One might have wished for more memorable melodies, but Bates fashions arias and ensembles into some impressive highlights, especially a beautifully crafted final scene at Jobs’s funeral, in which all the major characters – dead and alive – are together on stage for one last time. Cooke delivered Laurene’s summation of Steve’s many contradictions, his cruelty and genius, with gorgeous inflections to her distinctively pure sound.

Shakespeare (and probably before) took liberties with factual details in staged treatments of famous people in favor of getting to the essence of human connections and emotional conflicts. So did operas of Verdi which are dramatically if not historically accurate. In this one, it is mostly omissions. We never hear anything about the Apple II computer or any of the Macintosh desktops, nor do we get specifics about the pancreatic cancer that felled Jobs eight years after it was diagnosed. The C-word is never mentioned.

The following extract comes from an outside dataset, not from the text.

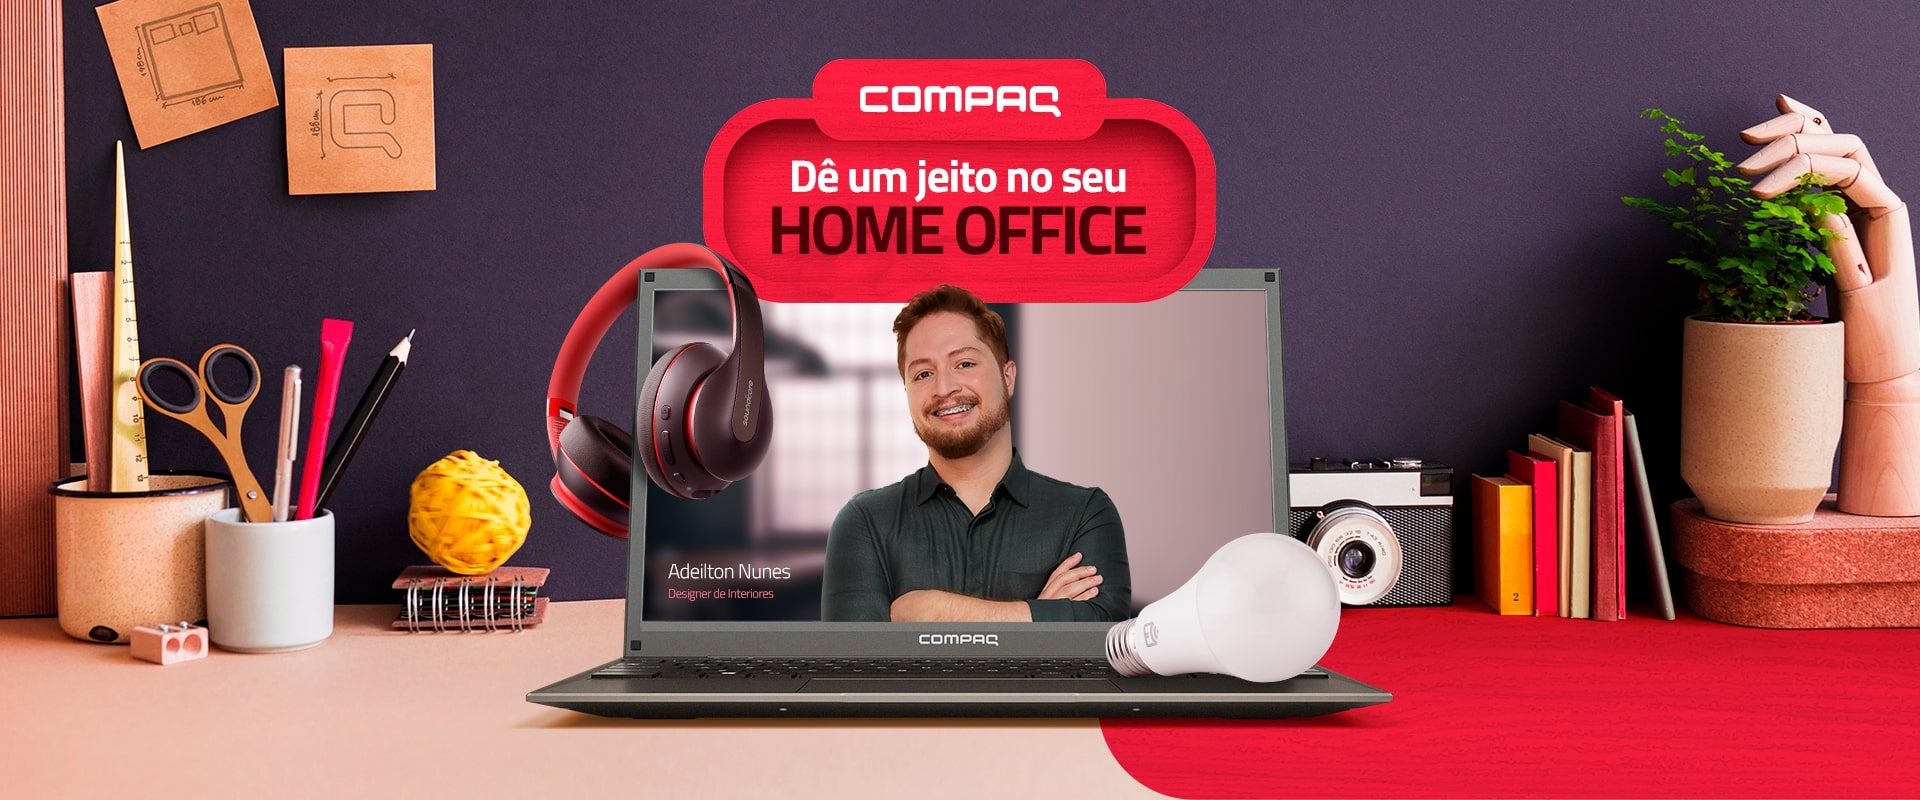 Trabalho home office freelancer renda extra - Computadores e acessórios -  Barra Funda, São Paulo 1252702771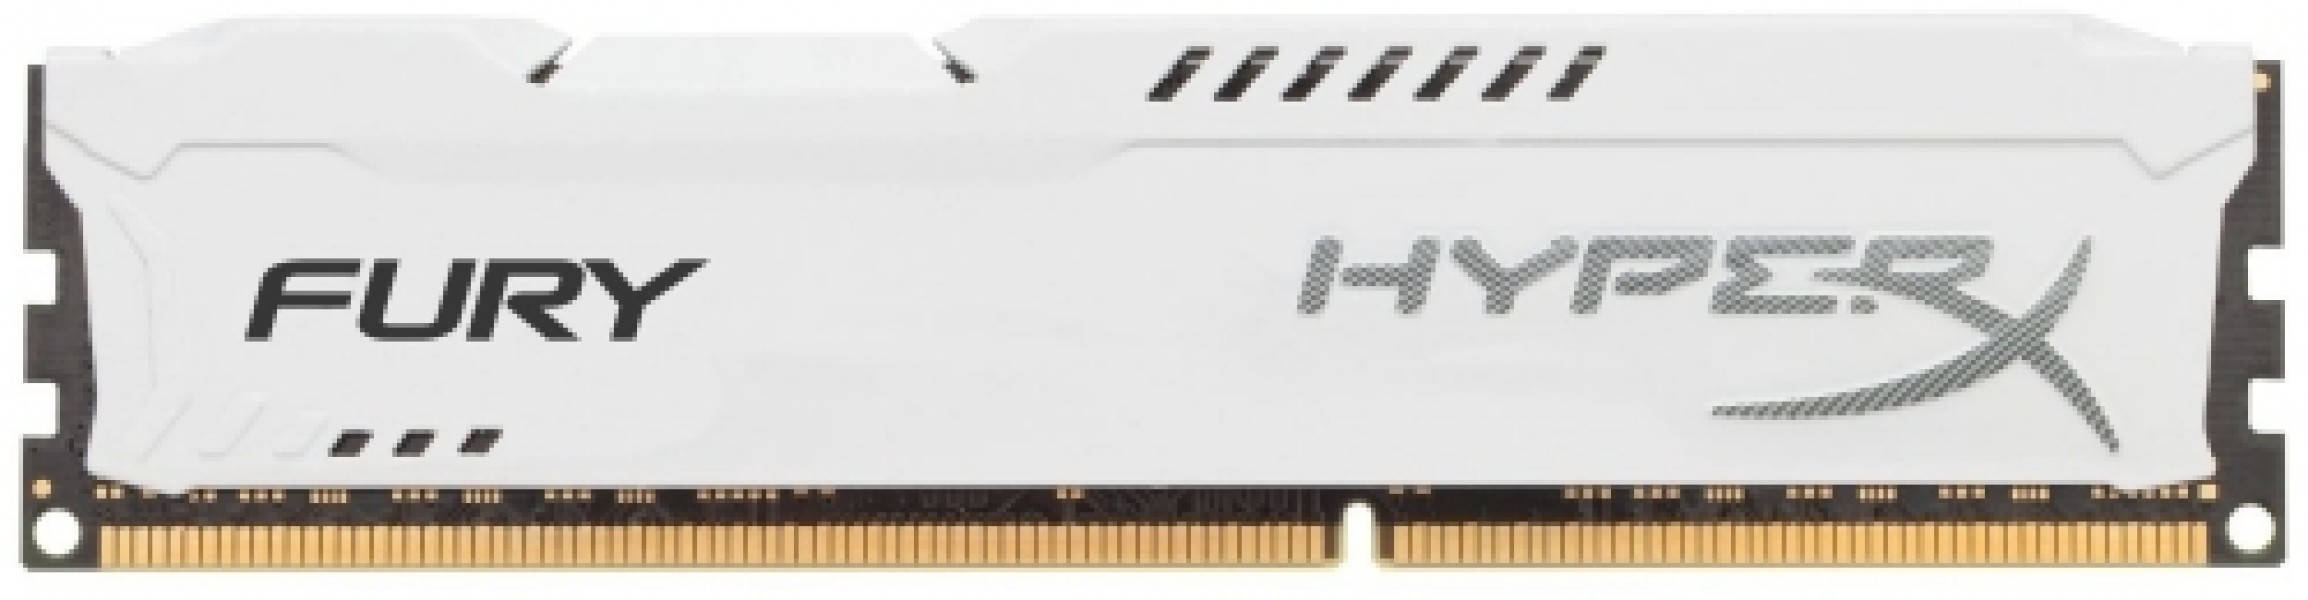 Kingston 8GB DDR3 PC12800 CL10 DIMM HyperX Fury White HX316C10FW/8

Instead, Bates and Campbell relentlessly focus on what made Jobs who he was. In a program note, Silicon Valley entrepreneur Donna Dubinsky gives that a thumbs-up. After noting that some colleagues from her Apple days object to various historical aspects in the opera, she says it still ‘captures well the paradox of Steve Jobs … a complex and compelling combination of genius and ruthlessness’.

The opera took a circuitous route to San Francisco. The other SF Opera, Santa Fe, got the world premiere in 2017, and won a Grammy for a live recording released in 2018. Seattle Opera and Indiana University got it next, and Austin, Kansas City, Atlanta, Calgary and Utah staged it before San Francisco.

Polished by all these previous performances, the local premiere felt thoroughly assured. Holdovers from the original Santa Fe production clearly have settled into their roles, most notably conductor Michael Christie, Cooke and Wu. Their work produced the most revelatory scenes, both dramatically and musically.